=== Try it ===
Please repeat the whole listing exactly, but leave the pictures out.

*** Opening of Recorded data ***

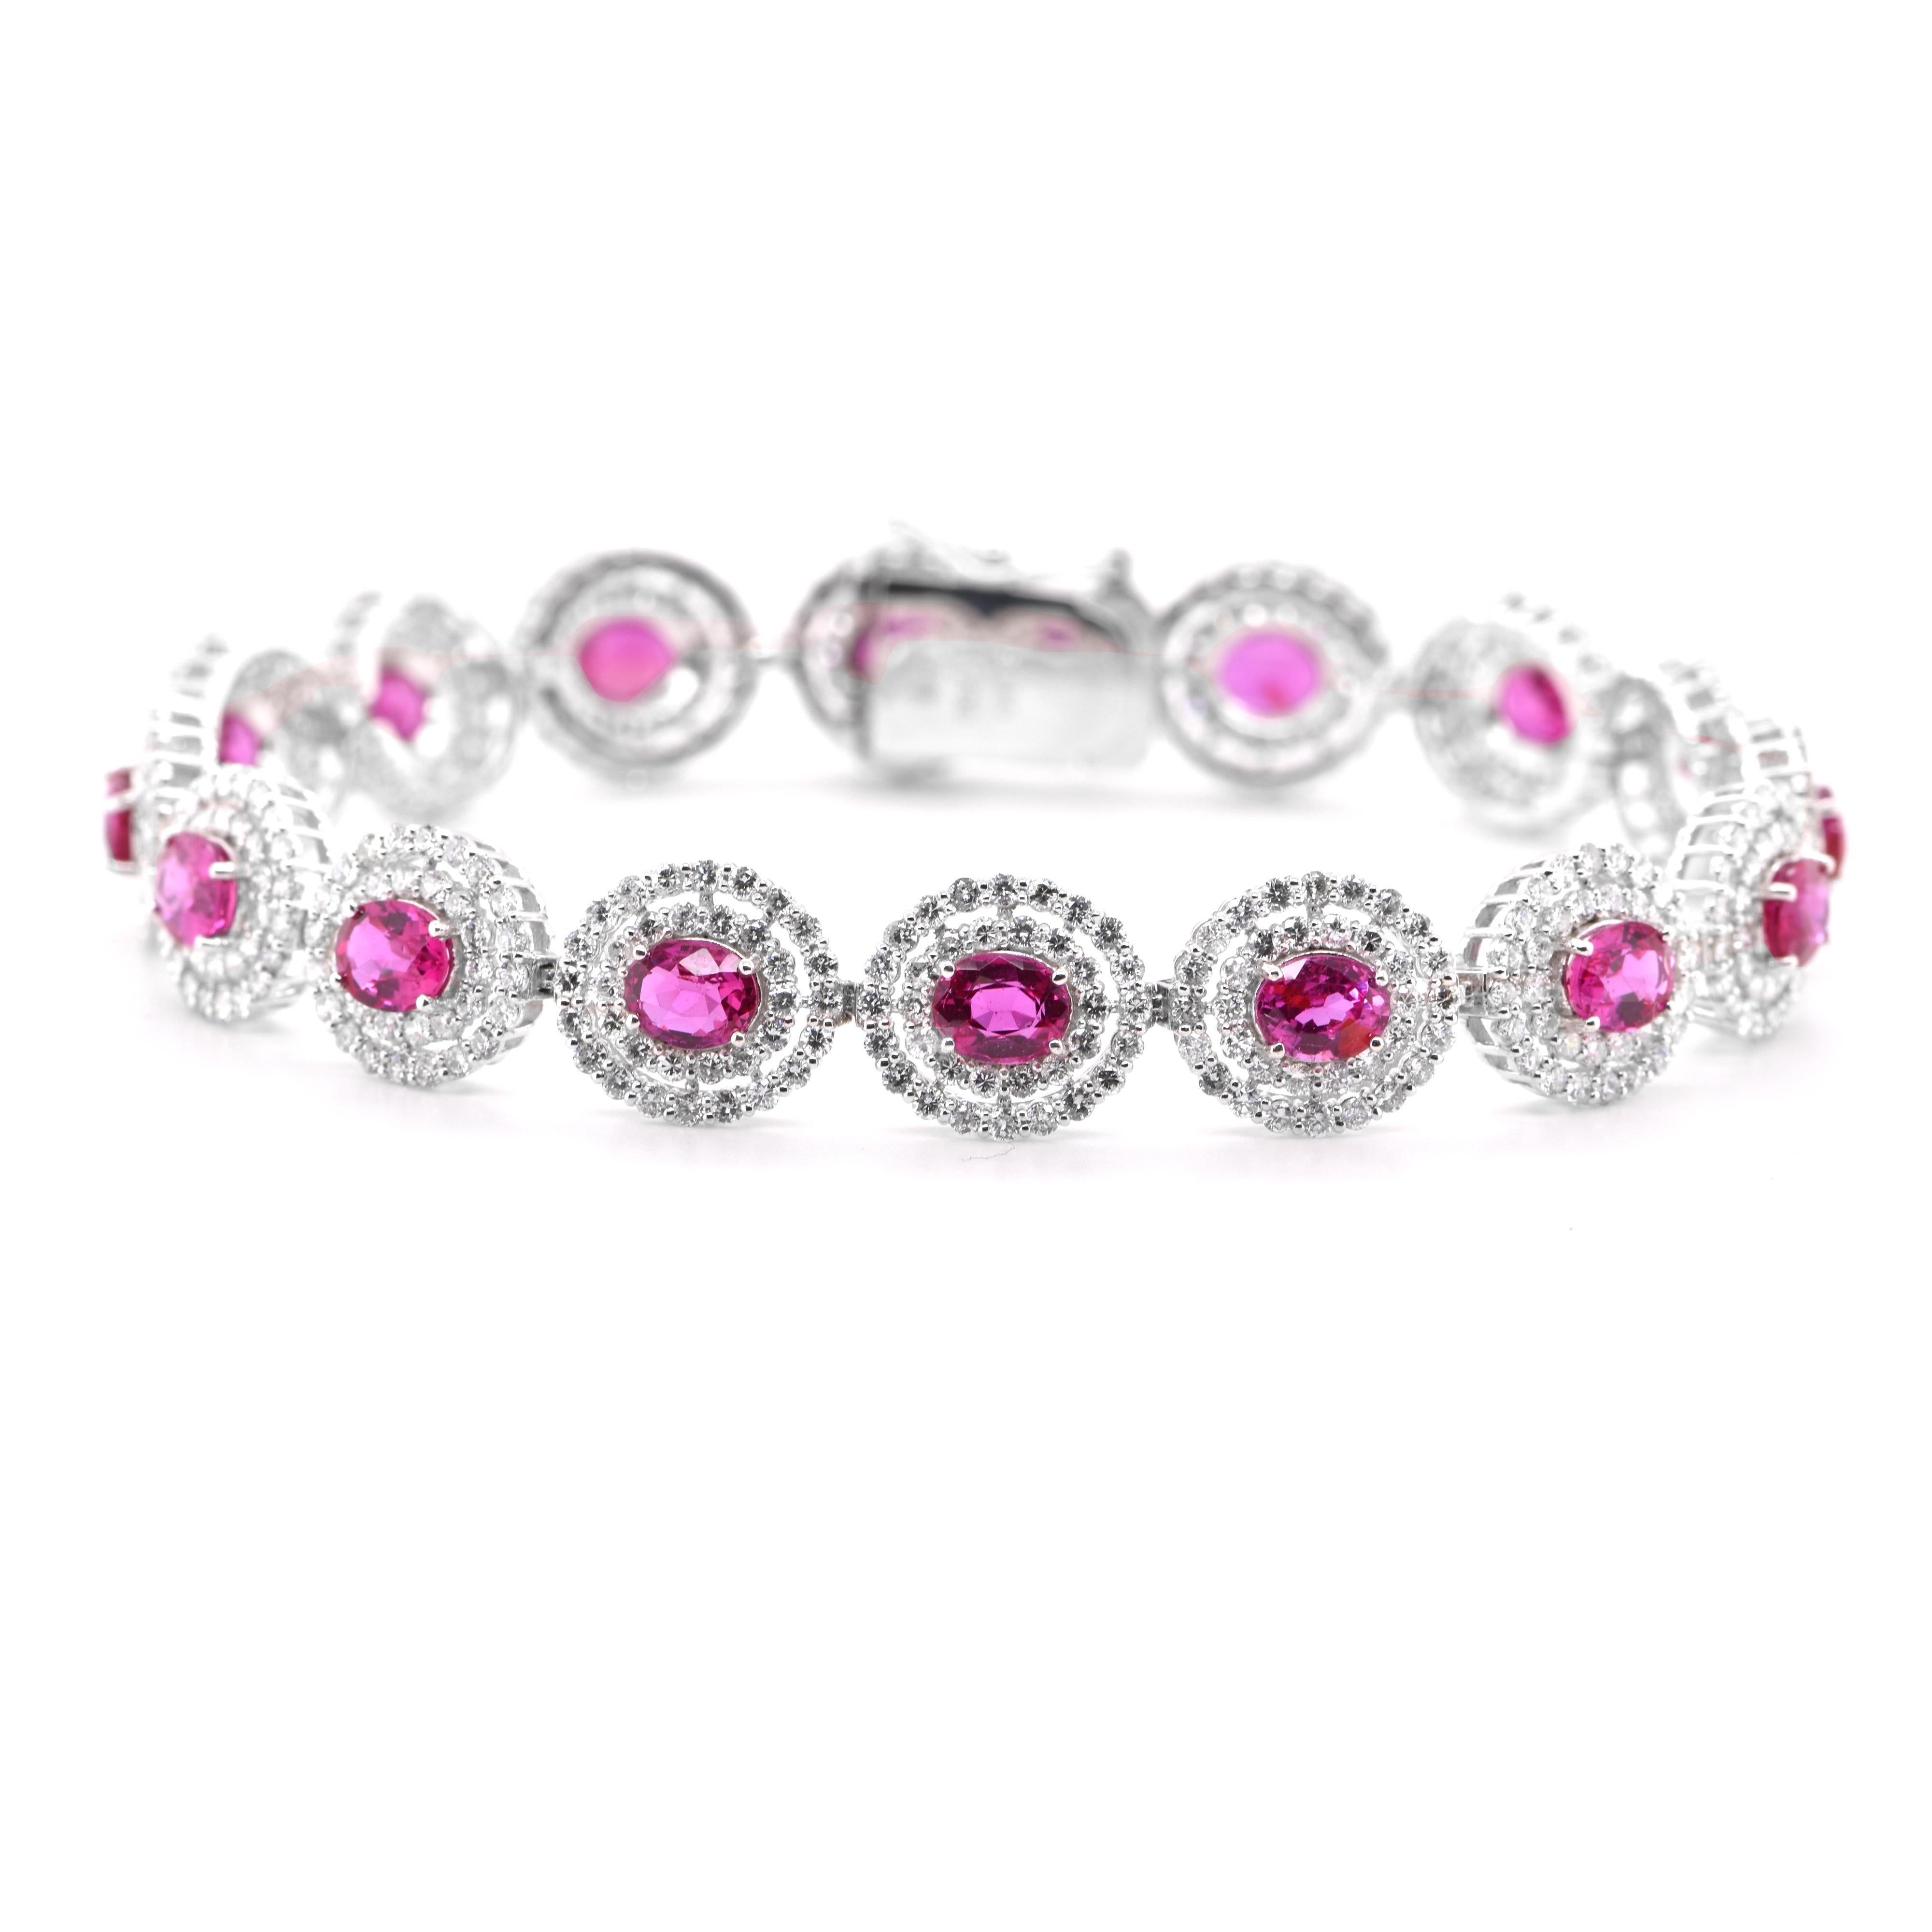 A beautiful Tennis Bracelet featuring a total of 7.36 Carats of Natural Rubies and 4.15 Carats of Diamond Accents set in Platinum. The Rubies are of 6x4 mm size. Rubies are referred to as 
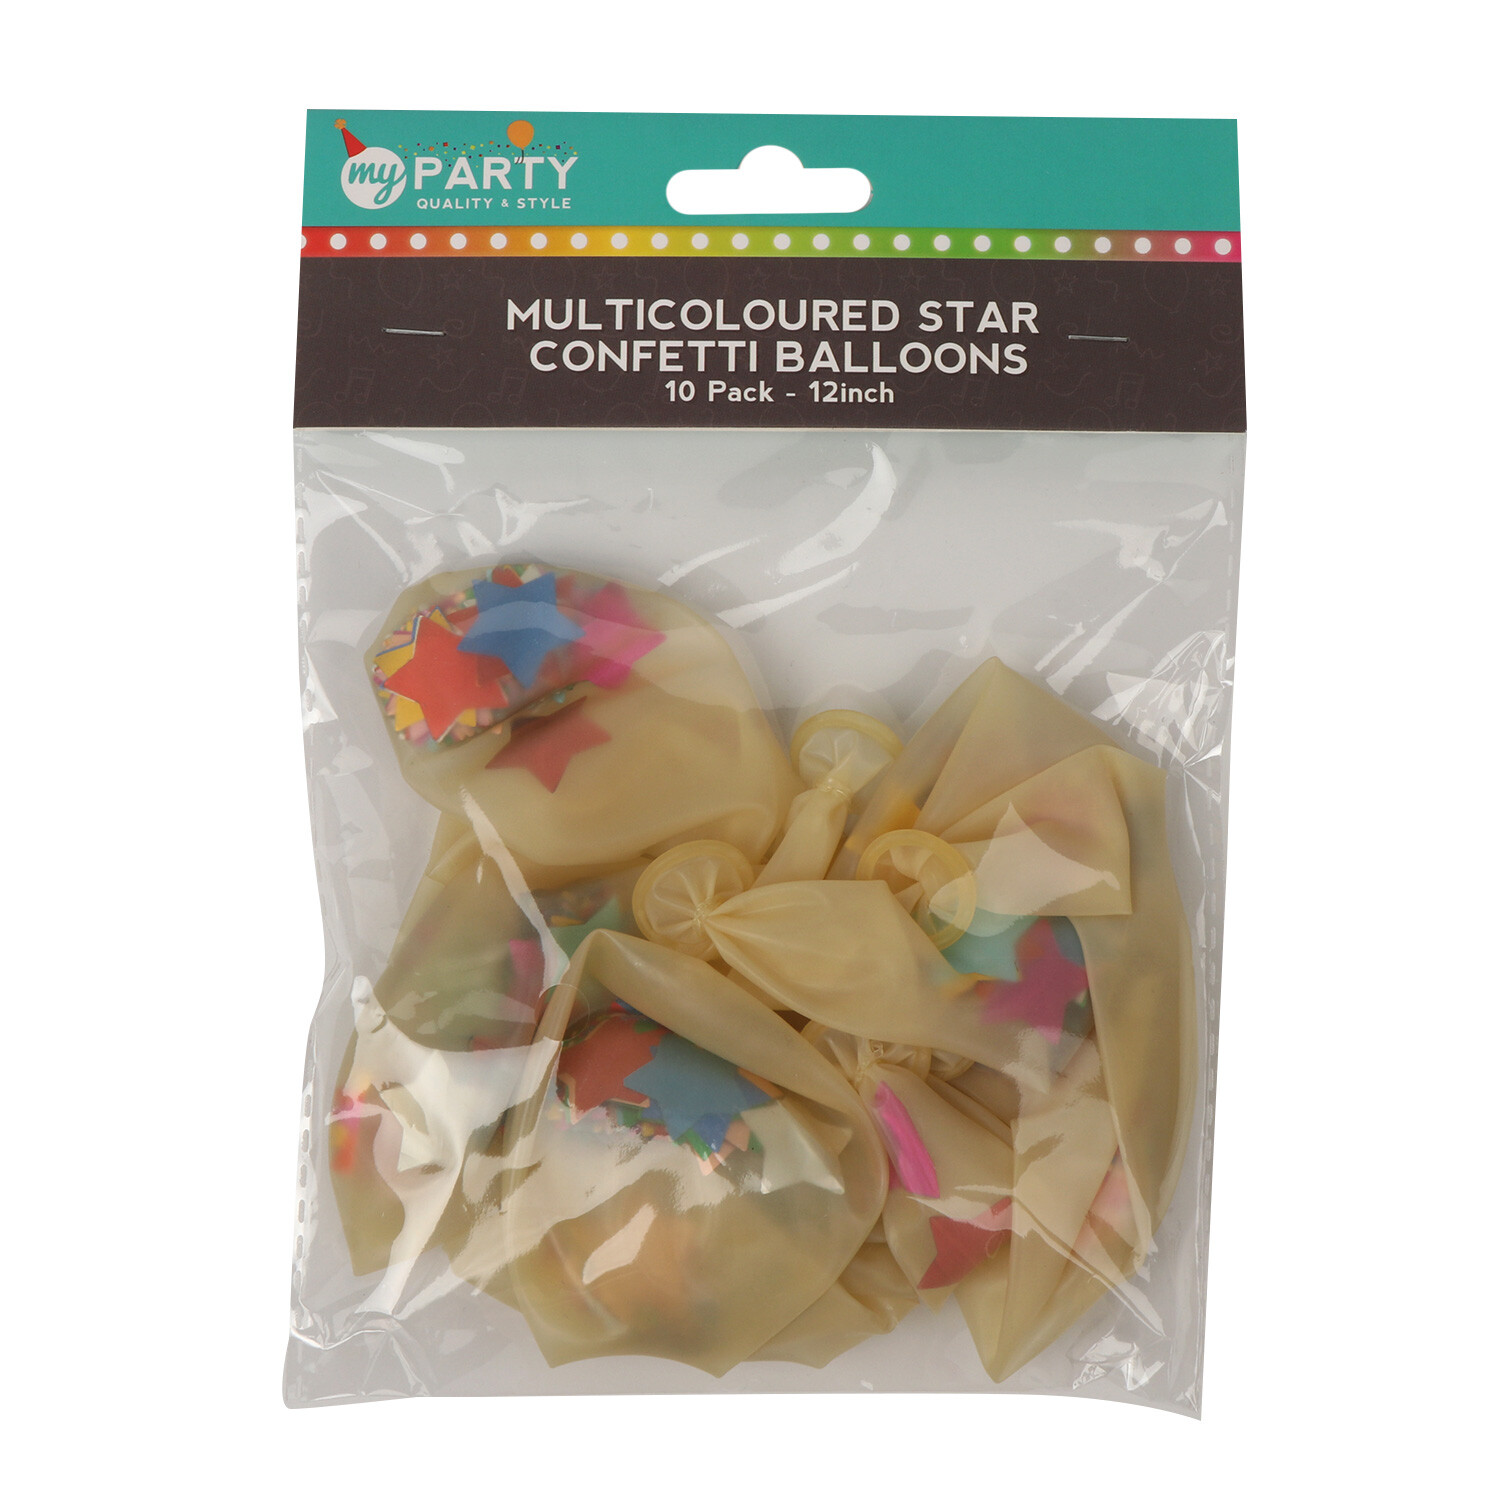 Pack of 10 Star Confetti Balloons - Multicoloured Image
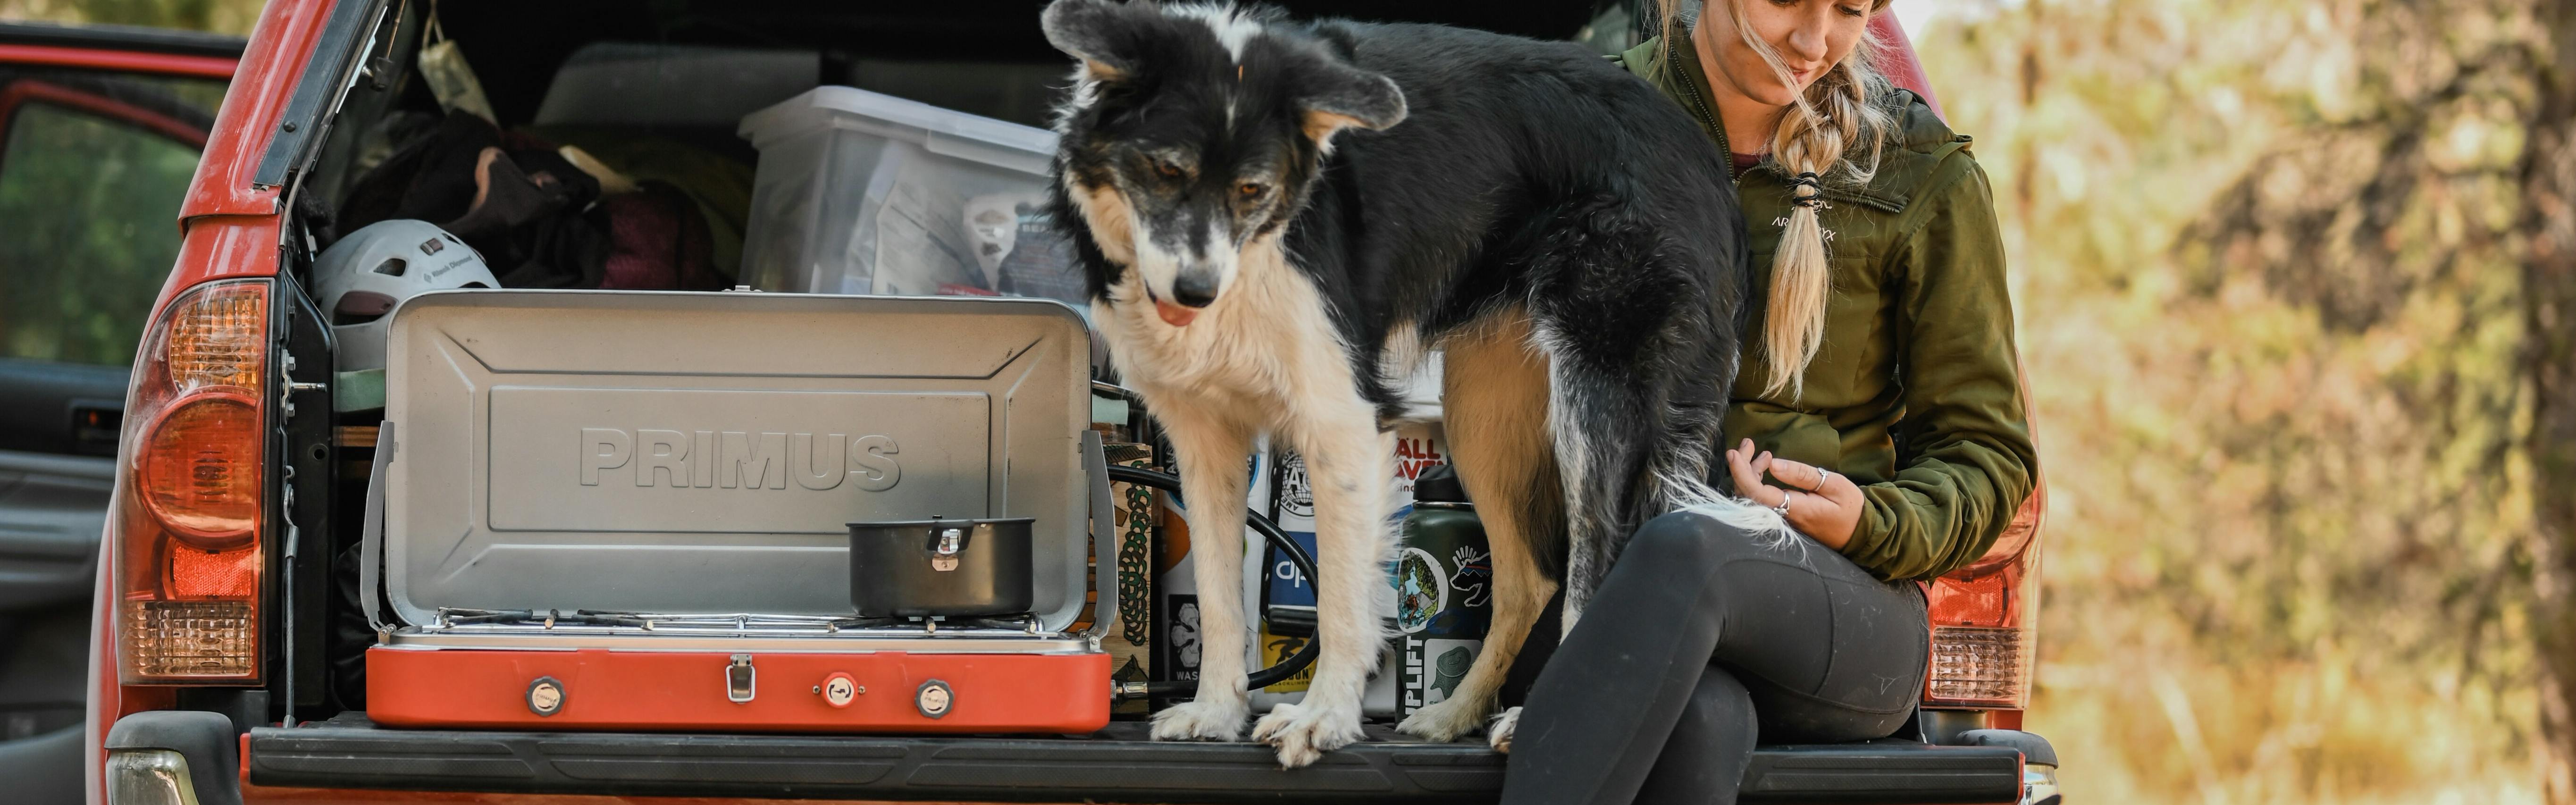 A stove, a dog, and a woman all sit on the tailgate of a truck. There is a pot on the stove.

*** Close of Recorded data ***

=== Answer box ===
 A beautiful Tennis Bracelet featuring a total of 7.36 Carats of Natural Rubies and 4.15 Carats of Diamond Accents set in Platinum. The Rubies are of 6x4 mm size. Rubies are referred to as 
 Pack of 10 Star Confetti Balloons - Multicoloured Image
 A stove, a dog, and a woman all sit on the tailgate of a truck. There is a pot on the stove.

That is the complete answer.